Rummell was a member of the Buffalo Society of Artists and was treasurer and financial secretary for three years, vice president for one year, and was also a member of the American Artists Professional League. He exhibited in numerous exhibitions across the United States to include; the Buffalo Society of Artists at the Albright Gallery in Buffalo (1917-19, 1921 Prizes, 1931, 1934 Prize), the Pennsylvania Academy of the Fine Arts in Philadelphia (1921), the Art Institute of Chicago, the Arnot Gallery, Elmira, NY, Public Library, Binghamton, NY, Syracuse Museum of Fine Arts and the Memorial Art Gallery in Rochester, NY, winning many honors over the course of his career to include; A Fellowship Prize of $50 for the painting "The Heralding of Autumn", exhibited with the BSA in 1921 and frequent Honorable Mention of paintings exhibited with the same.

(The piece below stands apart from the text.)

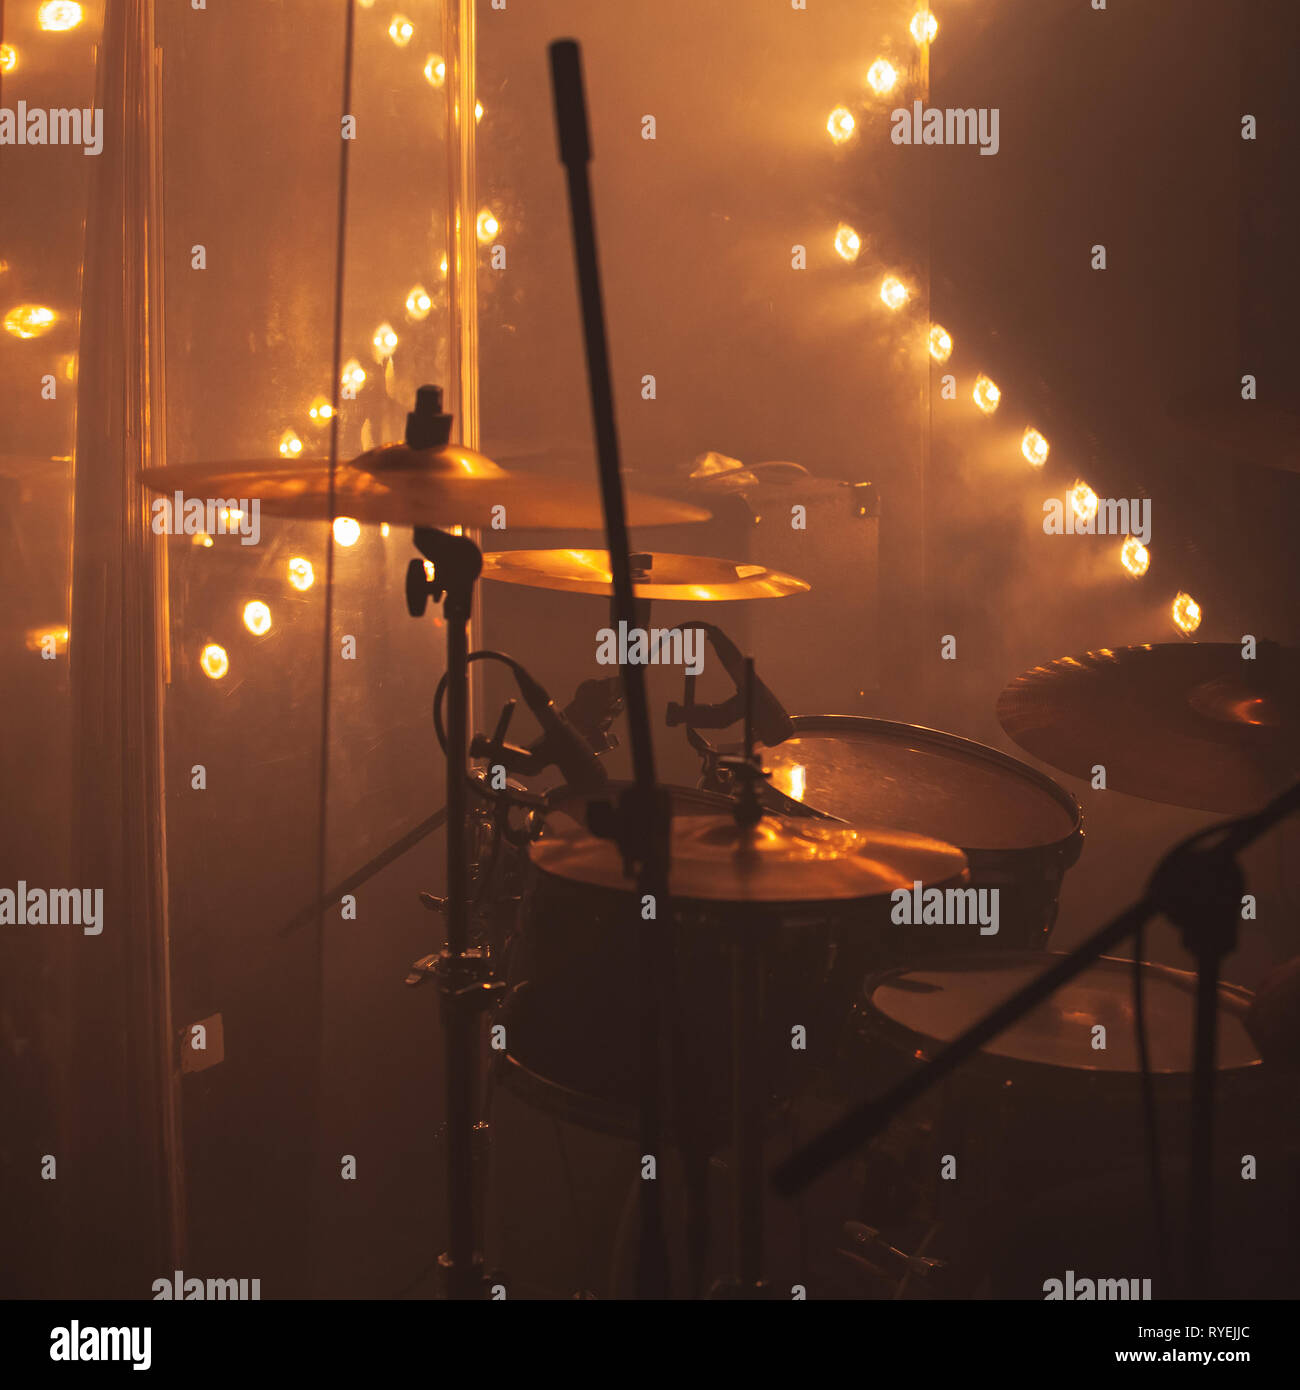 Live music square photo, rock band drum set with cymbals Stock Photo
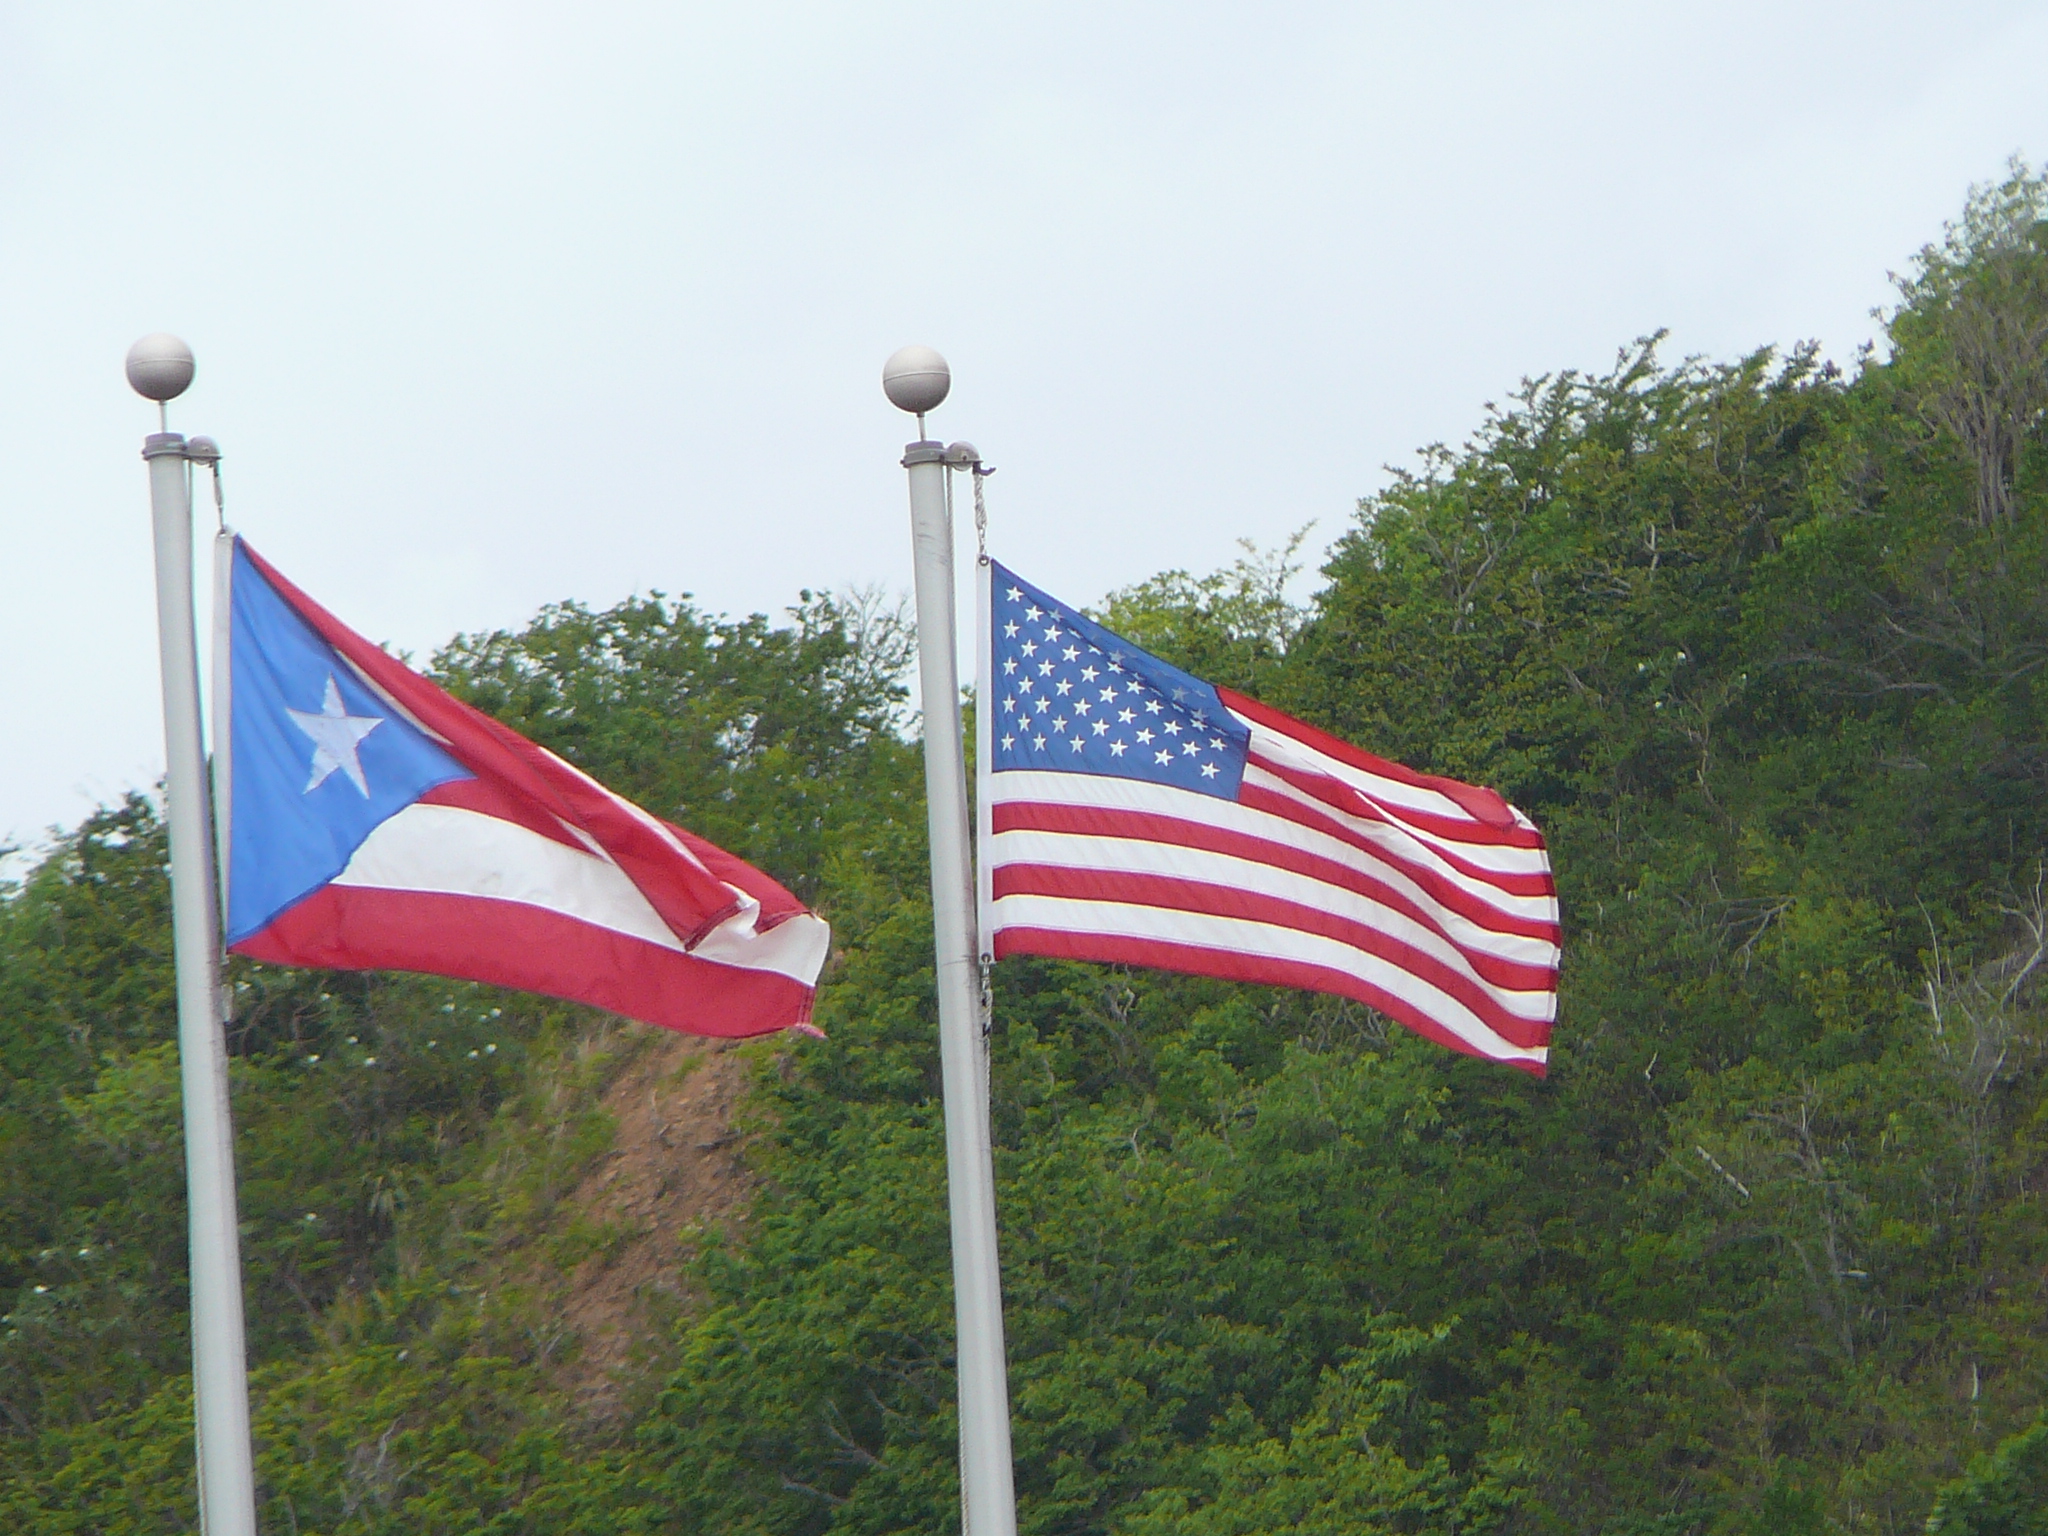  Puerto Rico has been a territory of the U.S. since 1898. Puerto Ricans have all the rights of "natural born" U.S. citizens, but cannot vote in presidential elections and have no voting representation in Congress.

Rummell taught art for several years in his own landscape painting school in Buffalo and was also an art lecturer at the Albright Art Gallery and elsewhere. In addition, Rummell was a dramatic reader and teacher of vocal and pantomimic expression. As a reader, he made a specialty of the English classics, having besides many other things, ten Shakesperean dramas in his reperatory. From 1907-1914, he opened a school of the speech arts, elocution, oratory, conversation, and drama in Buffalo, and also taught English & French in New York and Philadelphia. As a writer, he is known for his book, Aims and Ideals of Representative American Painters (1901). Rummell painted a landscape scene for the Buffalo Museum of Science titled "Clouds" but the piece has been listed as 'lost'. His works can be found in many private, public and museum collections nationwide and abroad. Rummell died in 1942 and is buried in Forest Lawn Cemetery, Buffalo, NY.